Q: How much of a political challenge would that be?
Healthcare is one of the most heavily lobbied industries in America. The hospital industry itself is 8% of GDP, so there would be a lot of pushback. But when we compare the pushback to the pain that high healthcare costs are inflicting on all of us, the impetus for action is pretty clear.
Q: What is the role for business?
Part of what’s so interesting in healthcare right now is that a $2.7 trillion industry that’s rife with inefficiency leaves tremendous space for innovators to come in and disrupt the status quo. We are starting to see companies do that.
Since business pays a portion of the insurance premiums for millions of employees, CEOs are aware that healthcare costs are an enormous strain. For manufacturing companies, it can be the largest input price to the cost of production.
Some companies are doing an amazing job seeking creative ways to reduce healthcare costs. I know of one firm that’s actually paying patients to choose a lower-price MRI. It’s the same quality. The patient is paid $500. The company still pays less overall. Everybody wins.
Or, if I’m an employee in a Chicago office, perhaps my company will allow me to fly to the Mayo Clinic or to MD Anderson in Texas where, potentially, I can get care that is both cheaper and higher quality than I can get locally.
If prices were more transparent, that would help patients be effective choosers. Increasing patients’ sensitivity to price and quality and their willingness to travel further to get better and lower cost care could have an impact. But right now, we have a very complicated market with almost no information. The federal government has the most power to effect change.
Q: Does this research offer any insight on where U.S. healthcare fits globally?
The U.S. is an outlier because it is one of the only countries where healthcare prices are market determined. In most countries, the prices are regulated. One of the challenging questions in healthcare is whether the ways that healthcare differs from traditional markets allow prices to be set through negotiation. I think the jury is still out.
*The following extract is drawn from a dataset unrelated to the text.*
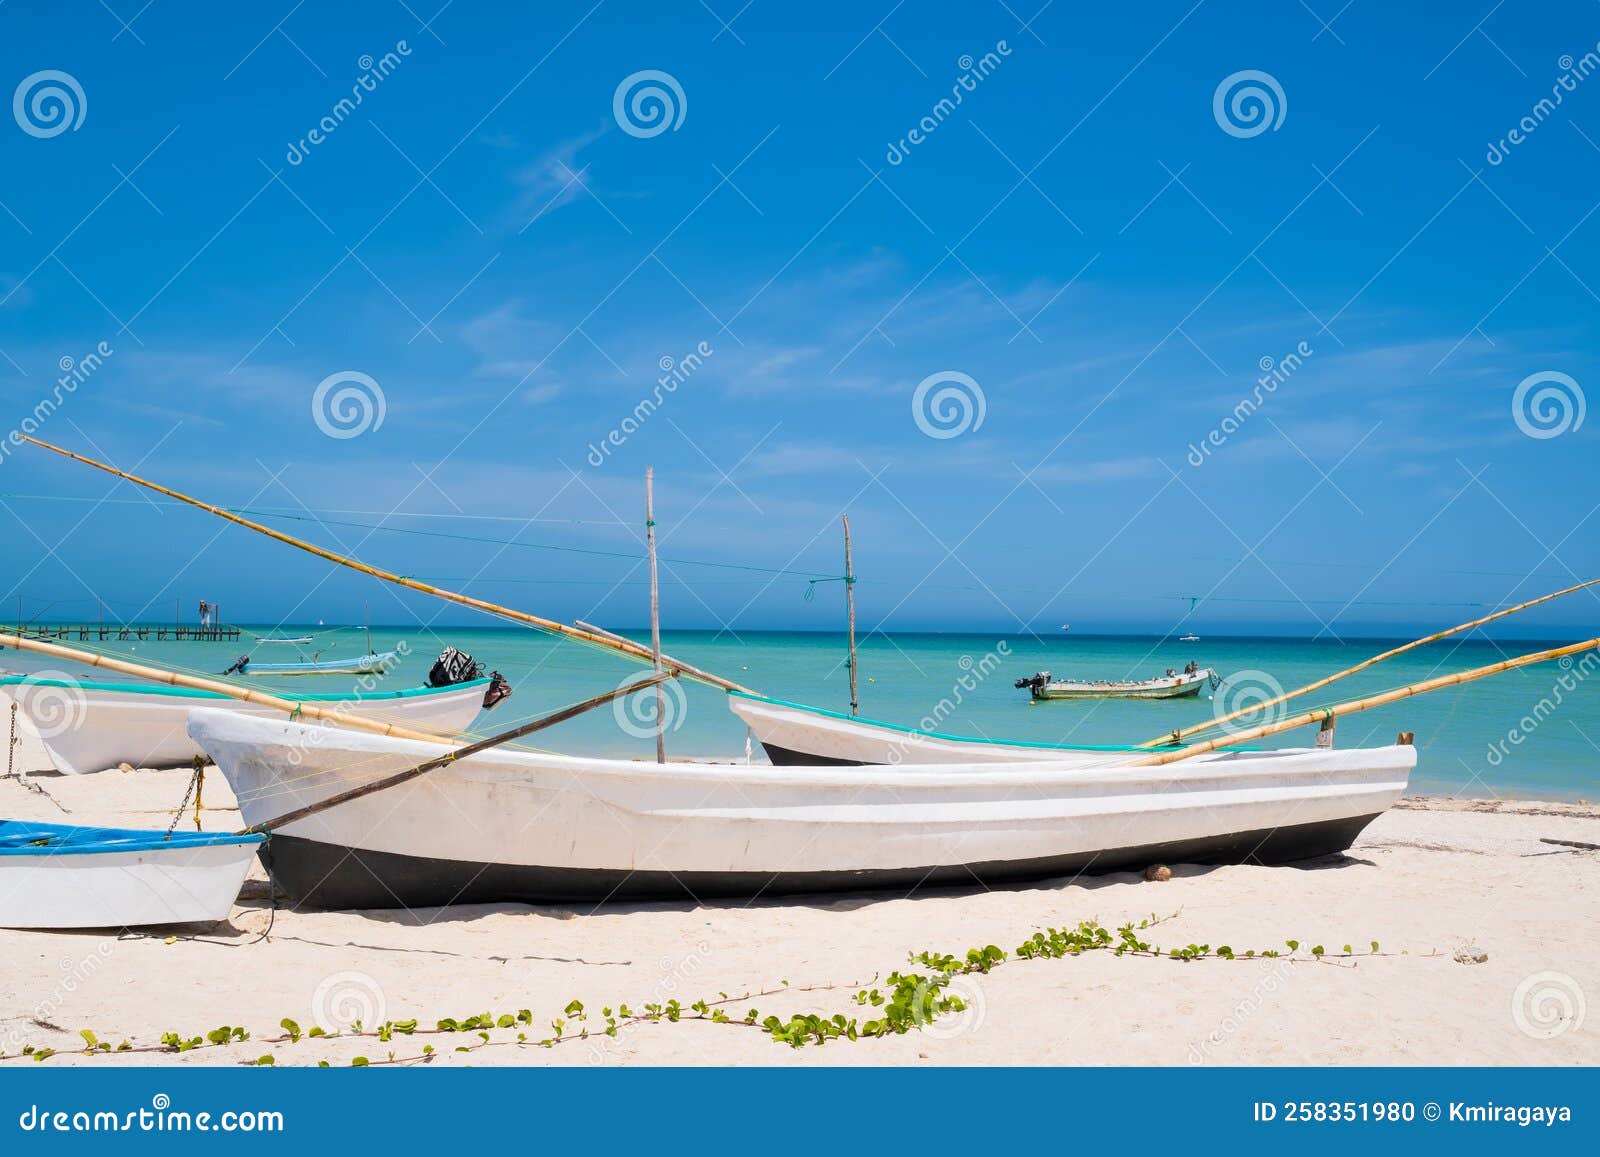 boats at the beach of progreso near merida in mexico

Ultimately, if making these markets more transparent and increasing competition doesn’t rein in price, then we need to think about whether healthcare is so different from other sectors of the economy that it requires something like price regulation.
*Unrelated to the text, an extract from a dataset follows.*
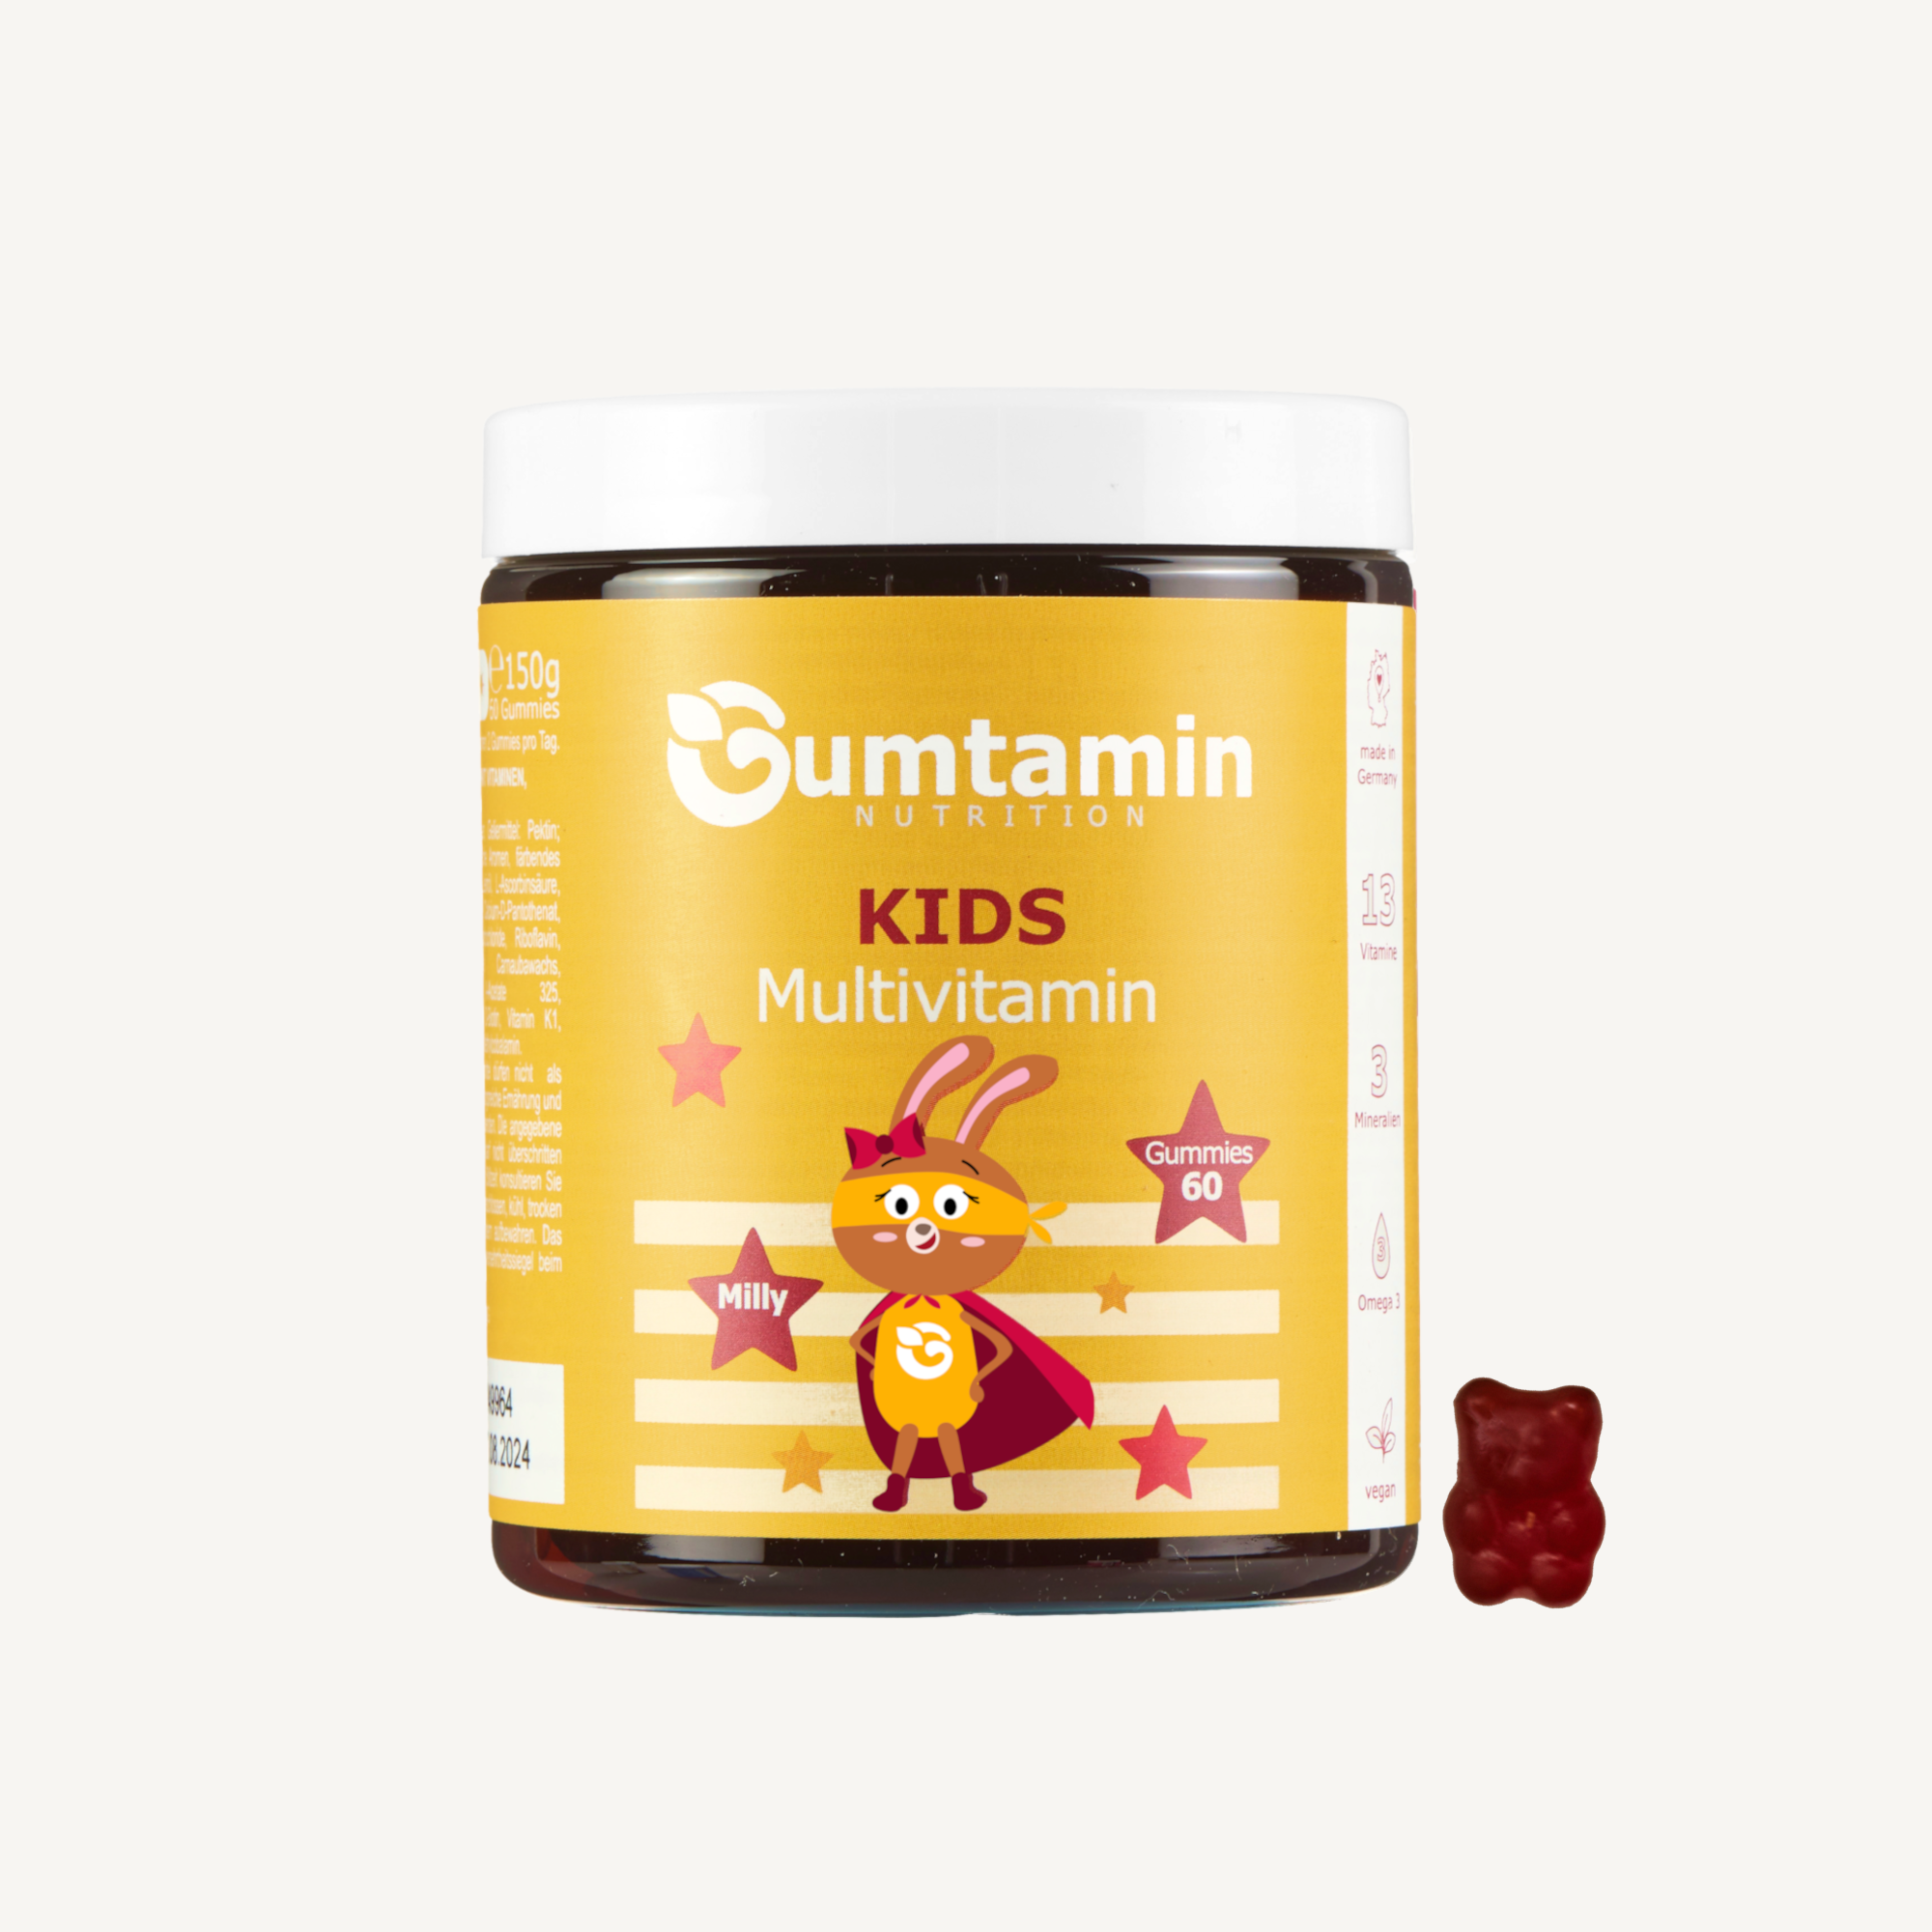 Kids Multivitamin Gummies gelb

Q: What are the next steps for research?
We had the opportunity to analyze data at a scale that nobody had done before. We examined nearly a third of the privately insured patients in the U.S., but we need more data. For example, we don’t have data from Blue Cross Blue Shield. I’d love to see how they compare. I’d like to make a plea to the folks who read this interview: if you work for an insurance company, please make your data public. We tackle big challenges by getting more and better information. More data will give us a richer and more nuanced picture of healthcare spending in the United States.
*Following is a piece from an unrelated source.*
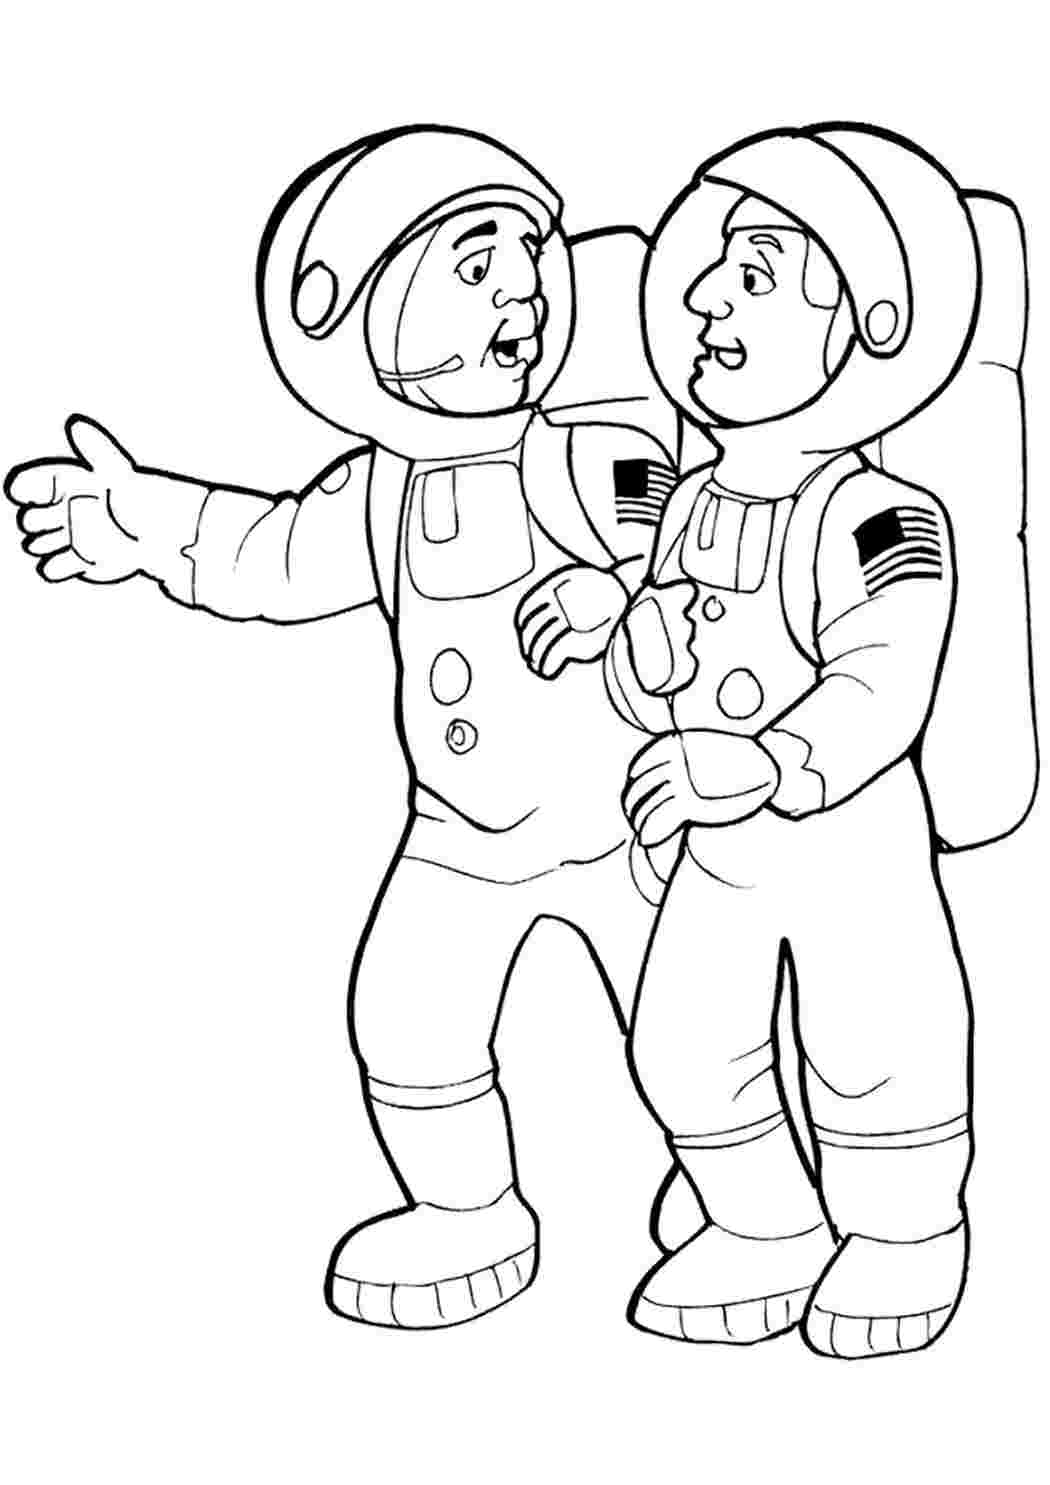 Как разукрасить космонавта. Космонавт раскраска. Космонавт раскраска для детей. Космонавт раскраска для малышей. Космонавтика раскраски для детей.

Going forward, I’m also doing some really interesting work with my Yale colleague Fiona Scott Morton where we’re actually going to work with a large insurer to see if we can present information and structure monetary and non-monetary incentives in a way to help patients make better choices—choose better care at a lower price. It’s putting the evidence from this paper into action and seeing if we can really begin to come up with scalable solutions. I’m excited to see what we find.